– Veremos, más adelante, veremos… -fue la siguiente respuesta cuando, seis meses después, el anatomista le recordó su asunto al Papa.
– Hijo, deberíais confesaros, pues habéis cometido grave pecado -dijo paternalmente Alejandro Farnesio-; acabáis de revelarme aquello que, ante la comisión, jurasteis no decir a nadie.

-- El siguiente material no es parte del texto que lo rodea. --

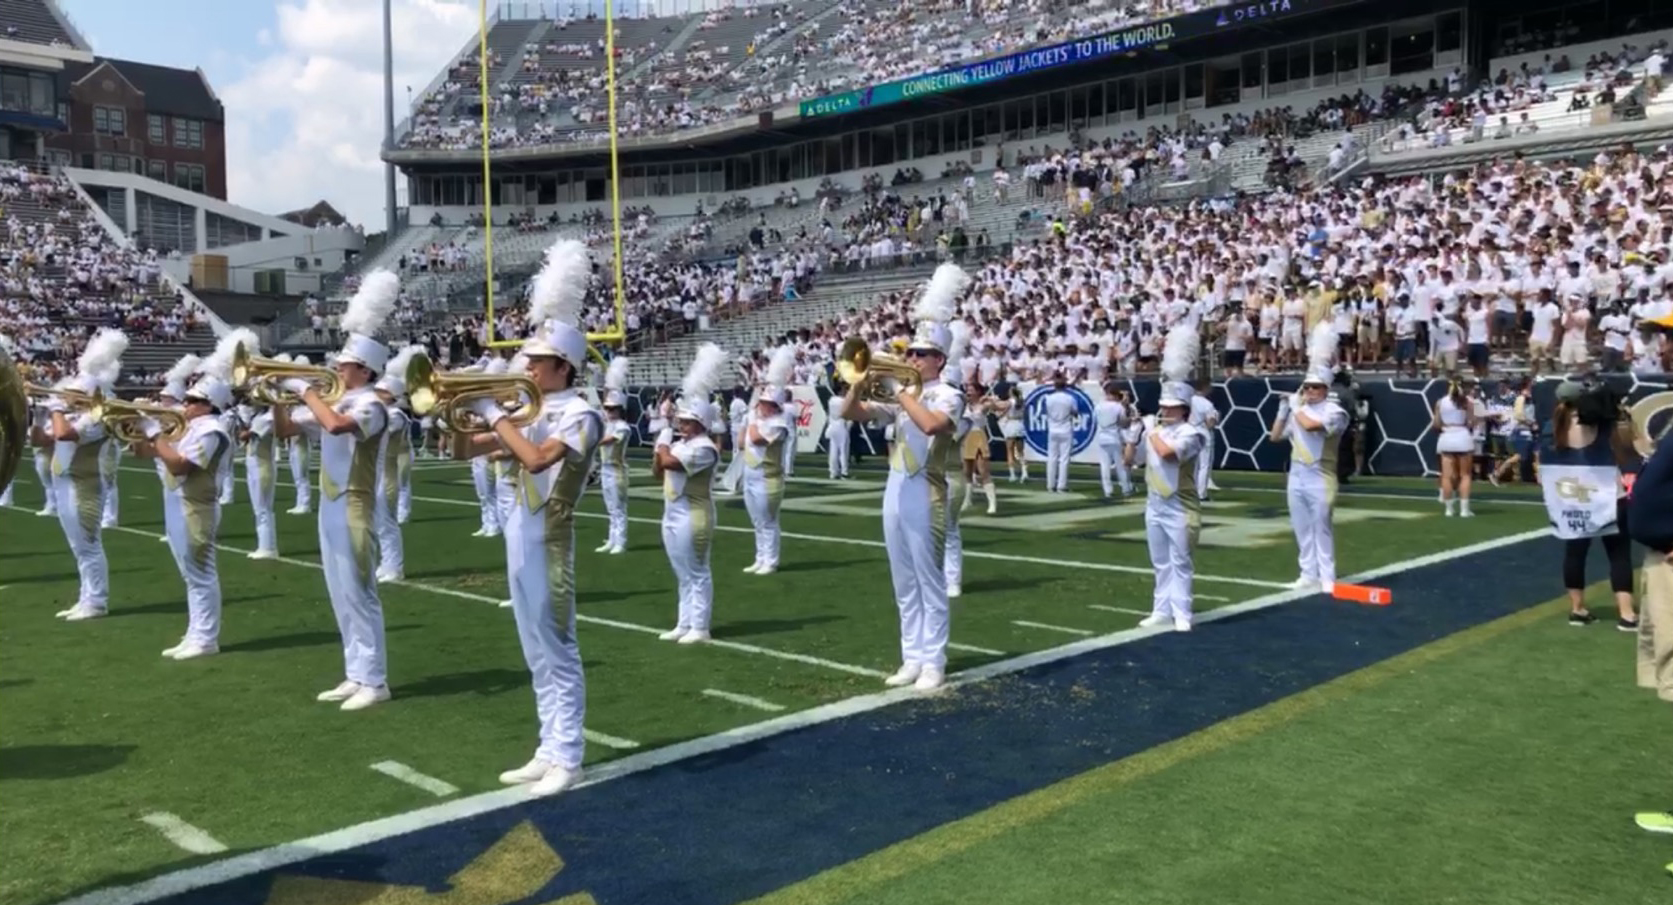 The marching band halts on the field during their pregame performance.

Mateo Colón no salía de su indignado asombro. El mismo le había salvado la vida y así se lo agradecía Su Santidad. Y no solamente le quitaba toda esperanza de ver publicada su obra, sino que, además, se permitía amonestarlo.
Mateo Colón terminó por desear que, de una buena vez, el decrépito e ingrato de Alejandro Farnesio se muriera. Finalmente, él era la mano de Dios y, así como podía dar la vida -tal como lo había hecho con su agónico paciente- también podía quitarla. ¿Acaso no era ya el médico personal del futuro Papa?
Su amistad con el cardenal Alvarez de Toledo se consolidaba día tras día; tenían un mismo anhelo y, cada vez que hablaban de la salud de Su Santidad, no podían evitar una mirada cómplice entre ambos. Jamás dijeron una sola palabra sobre sus secretos deseos; no hacía falta.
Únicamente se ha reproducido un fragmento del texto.